If the litigation is still continuing or if a judgment has been given, the next actions you do will be different.
Can a collection agency take your house?
Trying to keep up with debt payments is unquestionably difficult. Because the strain mounts, it’s extremely difficult when you start receiving calls from collection agencies.
In response to your query about credit cards and your residence. Yes, to put it succinctly. If a creditor receives a court judgment, they might place a lien on your house. If you don’t pay, they have the legal right to seize a portion of the revenues from the sale of your house to recover the money you owe them.
What should you not say to debt collectors?
It’s also critical to keep track of what you shouldn’t discuss with debt collectors during the collection process. The following are three things you should never tell a debt collector:
Never Give Them Your Personal Information
The agent will request personal information in order to verify your identity and debt ownership.
You are not required to respond to these questions. Instead, request that the agent exclusively communicate with you by email.

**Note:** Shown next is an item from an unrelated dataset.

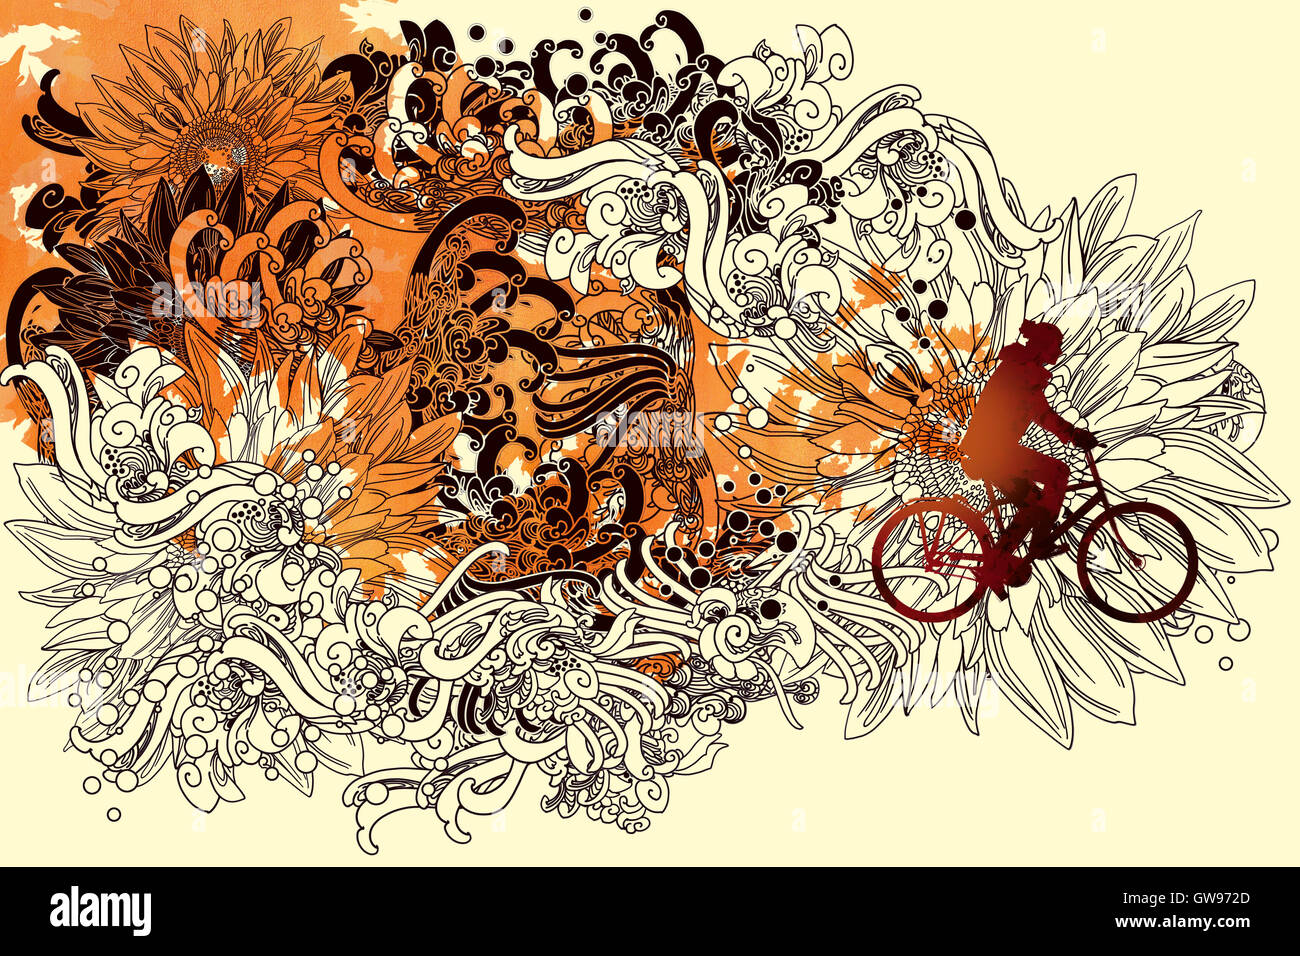 Abstraite automne floral art concept avec la ligne et l'homme de conduire une bicyclette,illustration peinture Banque D'Images

Never Admit That The Debt Is Yours
There’s no reason to do this, and it could get you in hot water later if you try to dispute the amount as erroneous on your credit report.
Many old debts have bogus interest charges that you aren’t required to pay, but debt collectors will try to collect nevertheless.

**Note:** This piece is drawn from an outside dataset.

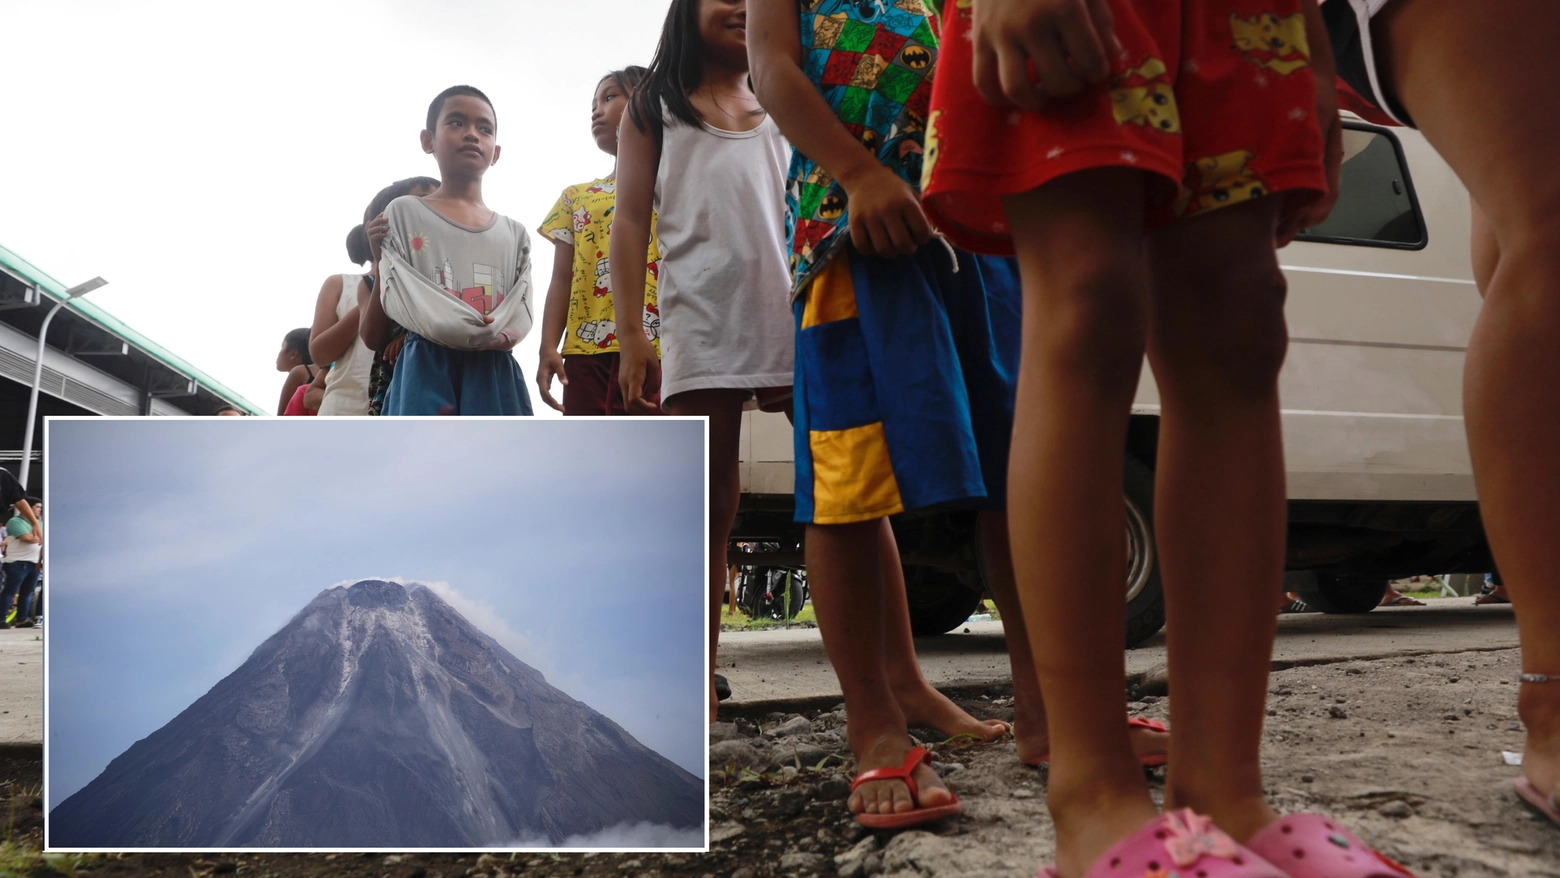 Bambini evacuati nelle Filippine per l'eruzione del vulcano Mayon (Ansa)

It’s advisable to hang up after telling the collection agent to provide you the information in writing. You have the legal right to do so, and we’ll get to that in a moment.

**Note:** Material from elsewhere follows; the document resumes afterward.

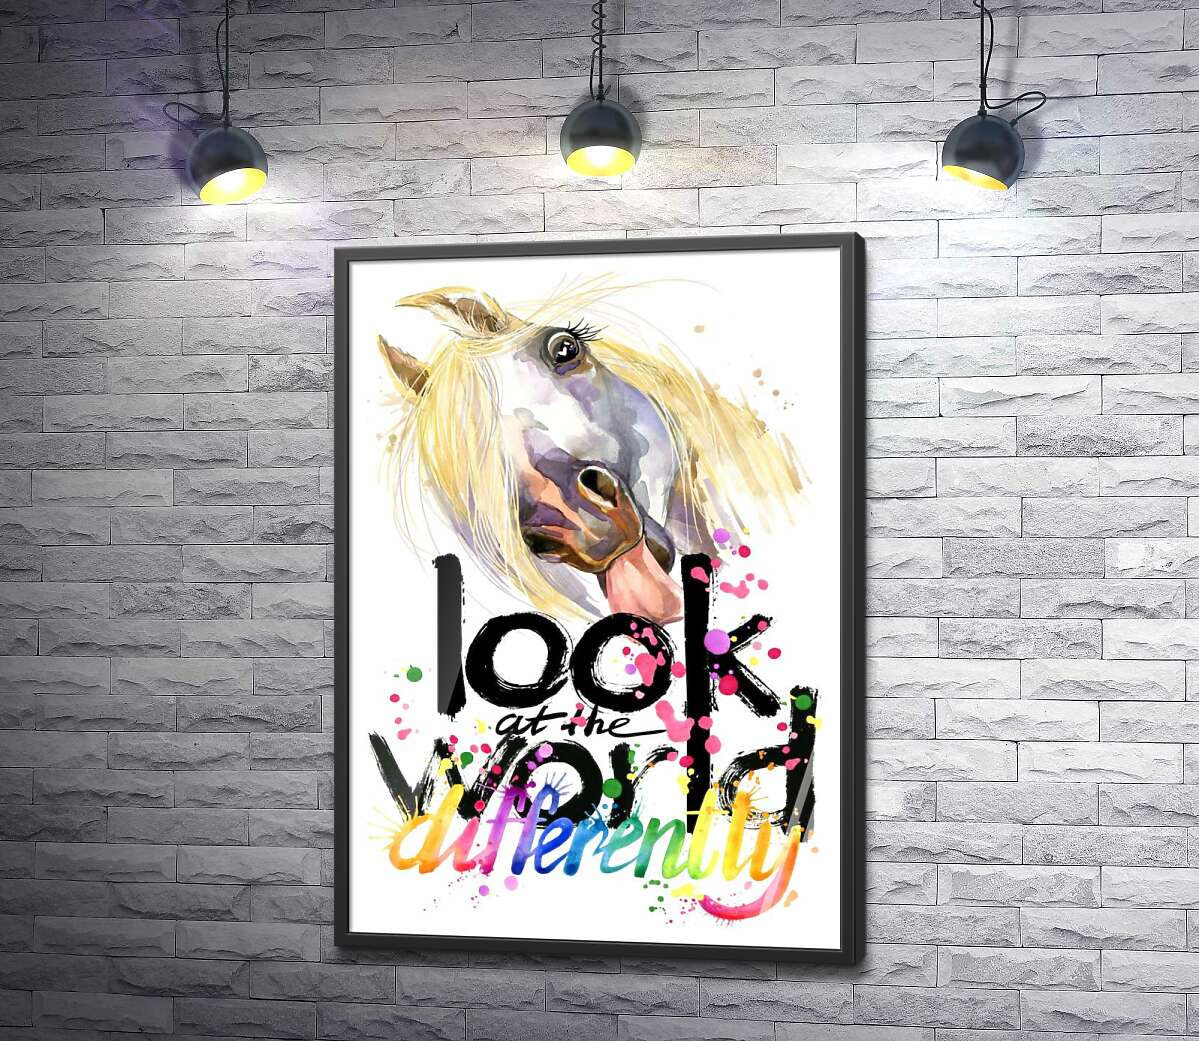 постер Напис "look at the world differently" та білий кінь, що показує язик

Never Provide Bank Account Information
While you’re on the phone with a debt collector, they’ll try to persuade you to make a payment, even if it’s a tiny one. To complete the transaction, the agent will need your bank account or credit card details. It may appear to be a simple and quick way to end the call and get off the phone. However, this can lead to a number of serious issues:
- You Lose Leverage: Your payment is your leverage when it comes to dealing with debt collectors in the future. So don’t pay too soon and lose your most valuable bargaining chip. Save it for a time when you can receive something in exchange, such as requesting that the creditor delete unfavorable items from your credit report in exchange for a payment.
- You Share Account Information: The agent may claim that he or she will not keep your bank account or credit card information on file. You, on the other hand, have no way of knowing whether or not this is true. Additionally, debt collectors have charged you more than you committed to pay.
- The Statute of Limitations on the Obligation is Reset: Making a payment resets the statute of limitations on the debt. This provides the creditor additional time to file a lawsuit against you for losses.
It’s fine if you wish to pay off the debt or sign a payment plan, especially if it’s part of a larger debt management strategy. But first, acquire a written agreement.
How can I get out of debt collectors without paying?
There are three options for getting rid of collections without paying: 1) Write and submit a Goodwill letter requesting forgiveness, 2) research the Fair Credit Reporting Act and Fair Debt Collection Practices Act and draft dispute letters to oppose the collection, and 3) have a collections removal professional erase it for you.
Collections can stay on your credit record for up to seven years, making it difficult to obtain a car, a home, personal loans, credit cards, or even certain professions. It’s a wise option to do whatever you can to get rid of them as soon as possible.
How do creditors find your bank accounts?
A creditor can simply look through your prior cheques or bank drafts to find your bank’s name and serve the garnishment order. If a creditor knows your address, it may contact local banks to obtain information on you.